If the stubble could be ploughed back into the soil by the farmer, that would have been simple, but does not appear feasible due to high costs as noted above. Projections of trade-offs against reduction in fertilizer use and better returns have been disputed by farmers’ unions.

Extraction of the stubble for subsequent sale by the farmer and conversion by industries into briquettes for industry or power generation, paper or board manufacture etc appear to be feasible. Punjab has offered a very good tariff for biomass-based power, but till date less than 5 percent of crop residue is used for this. Clearly what is lacking is a well-established and viable supply chain from farm to industry with sufficient end-to-end incentives for all players, from those who will collect and bale the biomass from individual farms to stockists and the end-use industries.

But can this be left to market forces to gradually work out? Judging by initiatives taken so far by private players, probably not.

The Confederation of Indian Industries (CII) and the Society of Indian Automobile Manufacturers (SIAM) --- or should we call them polluters incorporated? --- came together last year promising to take on this monumental tasks as a way of ‘giving back’ to society. Results from two pilot districts are awaited this year. Can we expect much?

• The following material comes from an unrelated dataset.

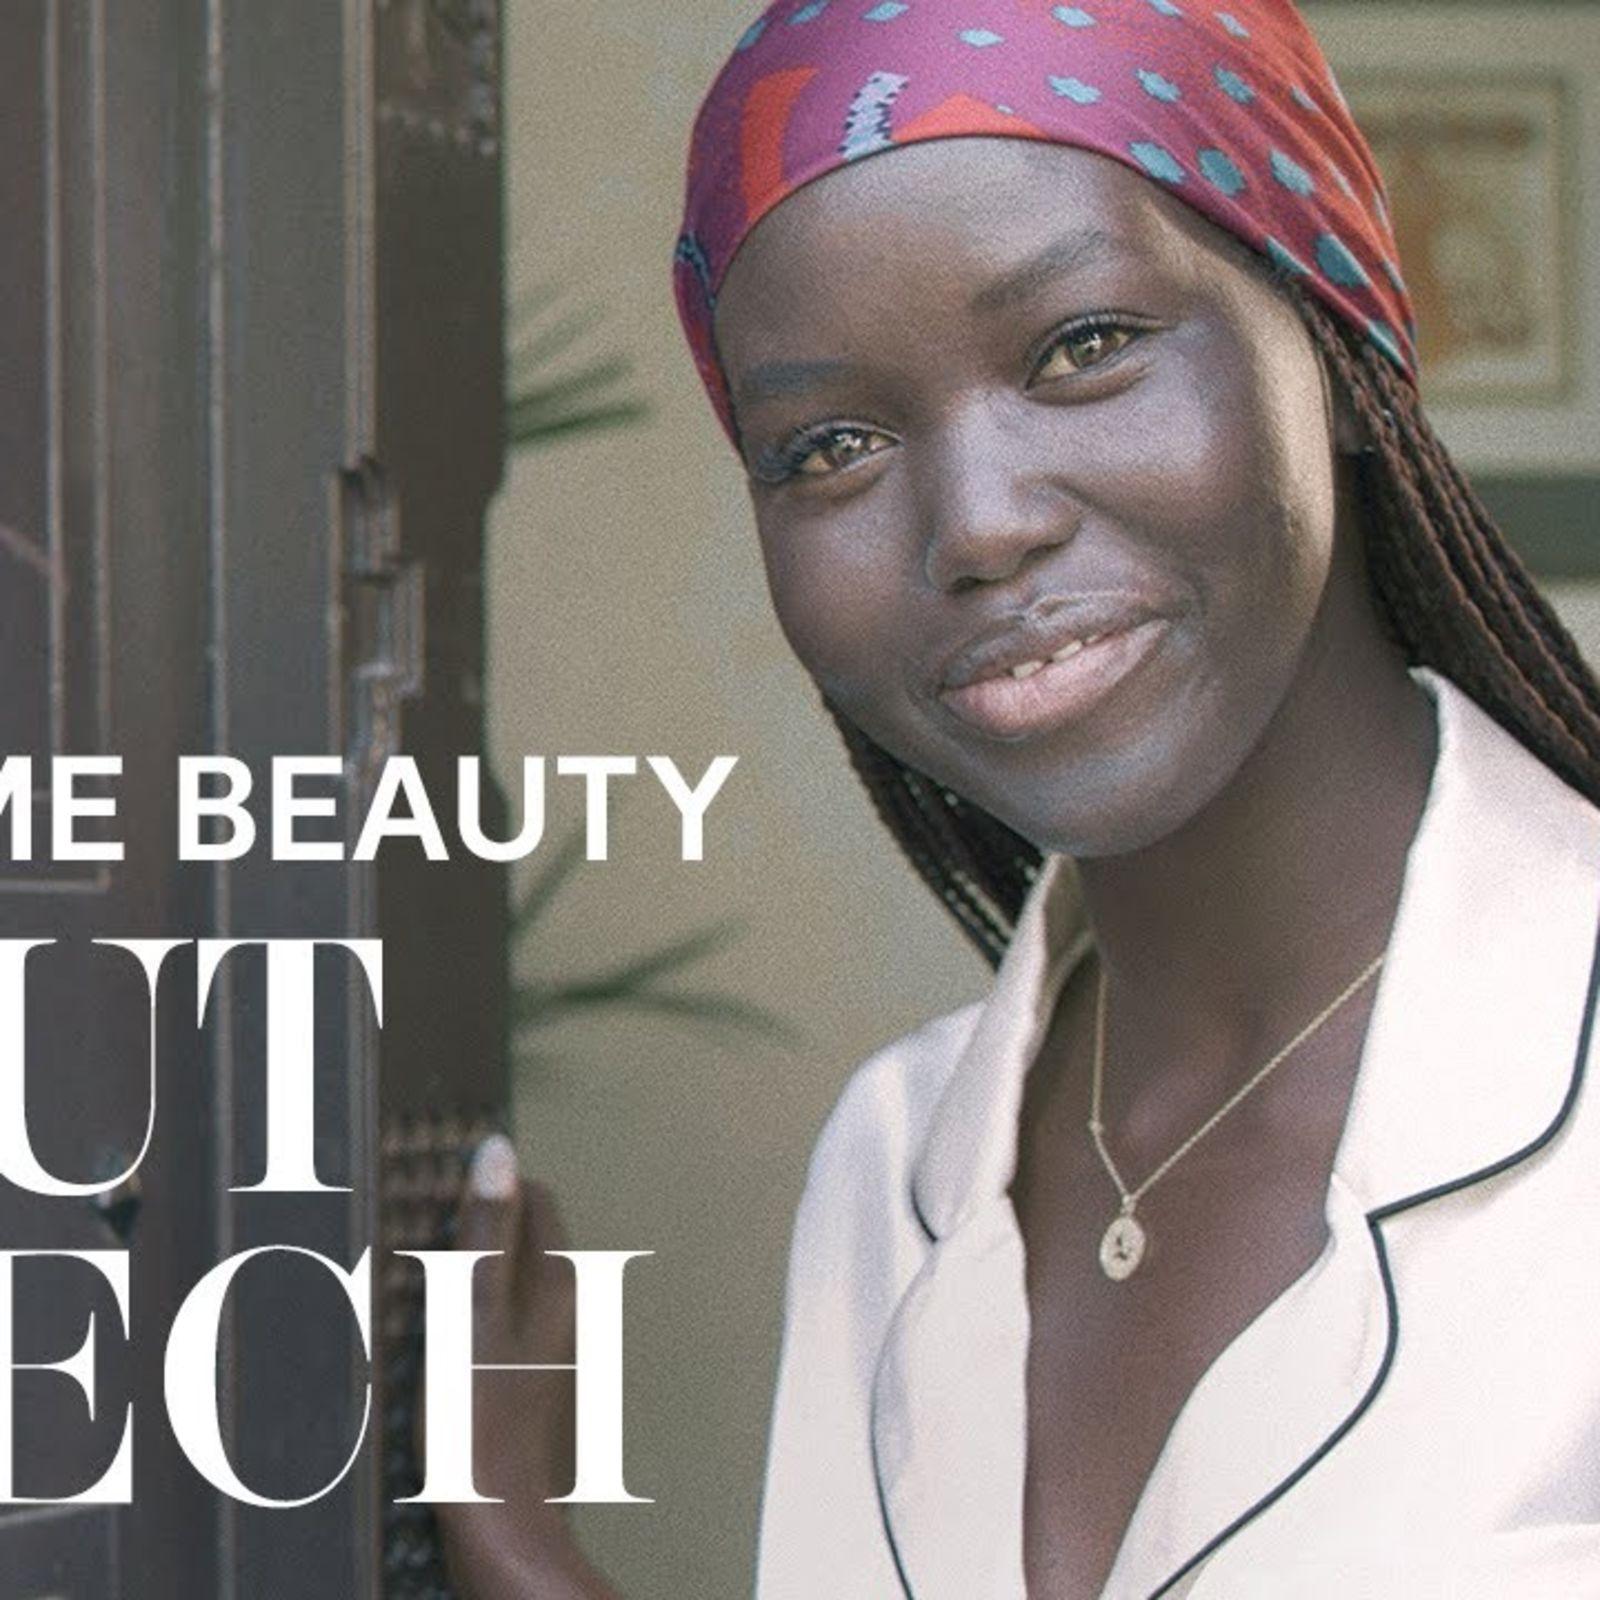 Un día en Dubai con la supermodelo Adut Akech | Diarios de Modelos

Unfortunately, the agricultural extension machinery that performed so well during the Green Revolution has completely collapsed. It could have played the necessary crucial link role in tackling this problem today. The central government and concerned state governments could do well to consider setting up a contemporary equivalent of this for the stubble problem. Such an institutional mechanism could work with district-level cooperative bodies and other local institutions to link up with farmers and, crucially, meet the necessary costs while subsequently recovering it from the end-user industries for crop residues supplied, while providing viability gap funding if required. The farmer cannot be targeted to solve the problem or be penalized, and the private sector is proving to be the laggard it has always been. The state needs to play, must play, an important role if this problem is to be tackled.